Five national health insurance companies compete to offer services to tens of millions of patients and hundreds of thousands of employers in the United States. Four of those five companies hope to merge with each other – taking the “Big Five” to the “Remaining Three.”1 Anthem, Inc. seeks to purchase Cigna Corporation for $54 billion in what would be the largest merger in the history of the health insurance industry, and Aetna, Inc. seeks to acquire Humana, Inc. for $37 billion. The companies claim that their mergers will “increase competition and result in cost savings, efficiencies and other benefits that will make health care more affordable and accessible to consumers” and that “there is ample competition from other competitors.”2

The U.S. Department of Justice, as well as the attorneys general of more than a dozen states, including Colorado, have sued in federal court to prevent the mergers. In stark contrast to the merging companies, the government claims that the mergers would “substantially lessen competition, harming millions of American consumers, as well as doctors and hospitals.”3 Instead of promoting competition, the government argues that the “mergers would reshape the industry, eliminating two innovative competitors – Cigna and Humana – at a time when the industry is experimenting with new ways to lower health care costs.”4

The opposing parties’ claims are irreconcilable.
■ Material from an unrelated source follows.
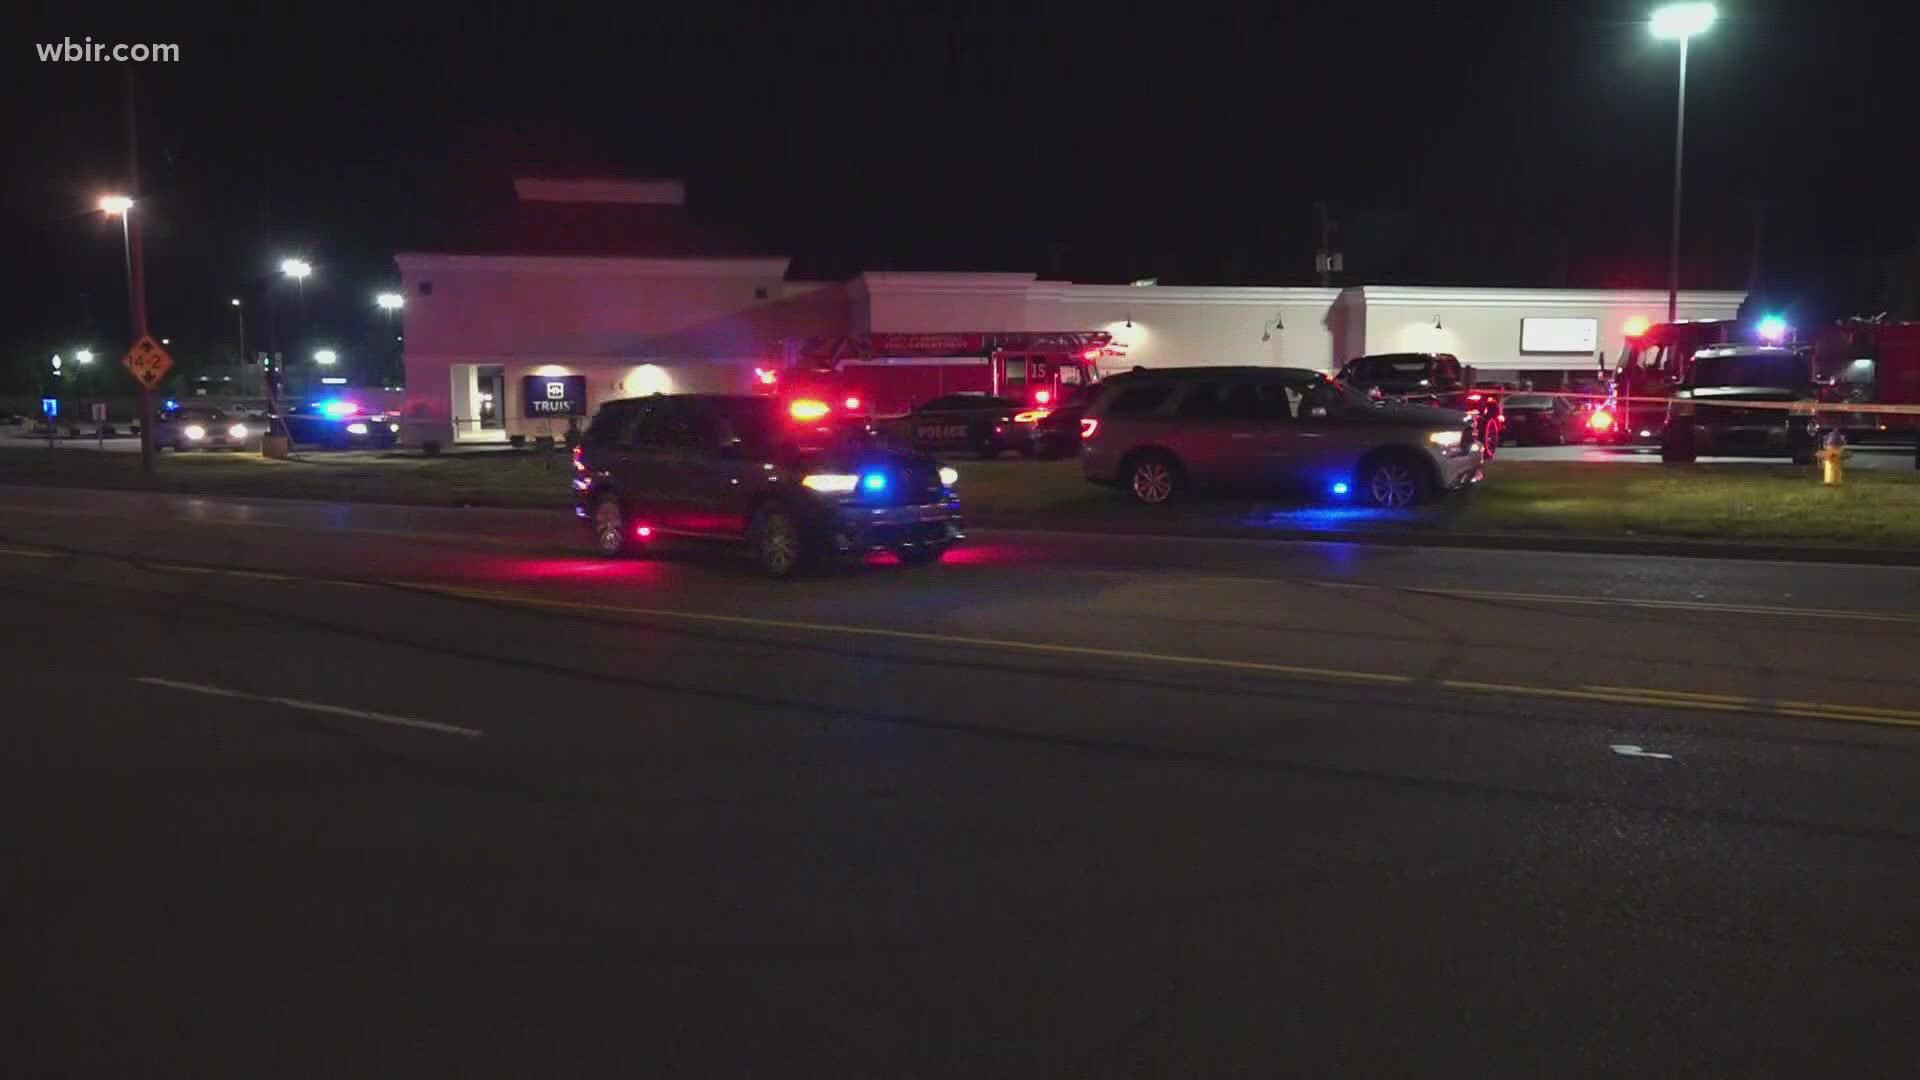 Police said a 46-year-old man and a 30-year-old man were killed in the parking lot of Hatmaker's Bar and Grill Friday night.

A federal law known as the Clayton Act serves as the battleground for resolving their arguments. Section 7 of the act states that “no person . . . shall acquire the whole or any part of the assets of another person5 . . . [if] the effect of such acquisition may be substantially to lessen competition, or to tend to create a monopoly.”6 Together with the Sherman Act, the Clayton Act has been described as the “the Magna Carta of free enterprise. They are as important to the preservation of economic freedom and our free-enterprise system as the Bill of Rights is to the protection of our fundamental personal freedoms.”7

Analyzing any transaction to determine whether it runs afoul of the antitrust laws first requires the courts to define and analyze the relevant market. Unless the courts define the relevant market, there is no way they can consider whether the transaction lessens competition or tends to create a monopoly.8 The ultimate test is whether the transaction results in a company holding enough market power that it can dictate terms to consumers because there aren’t enough competitors offering a substitute product.9

For these potential health insurers’ mergers, there are two broad market categories to consider:  product markets and geographic markets.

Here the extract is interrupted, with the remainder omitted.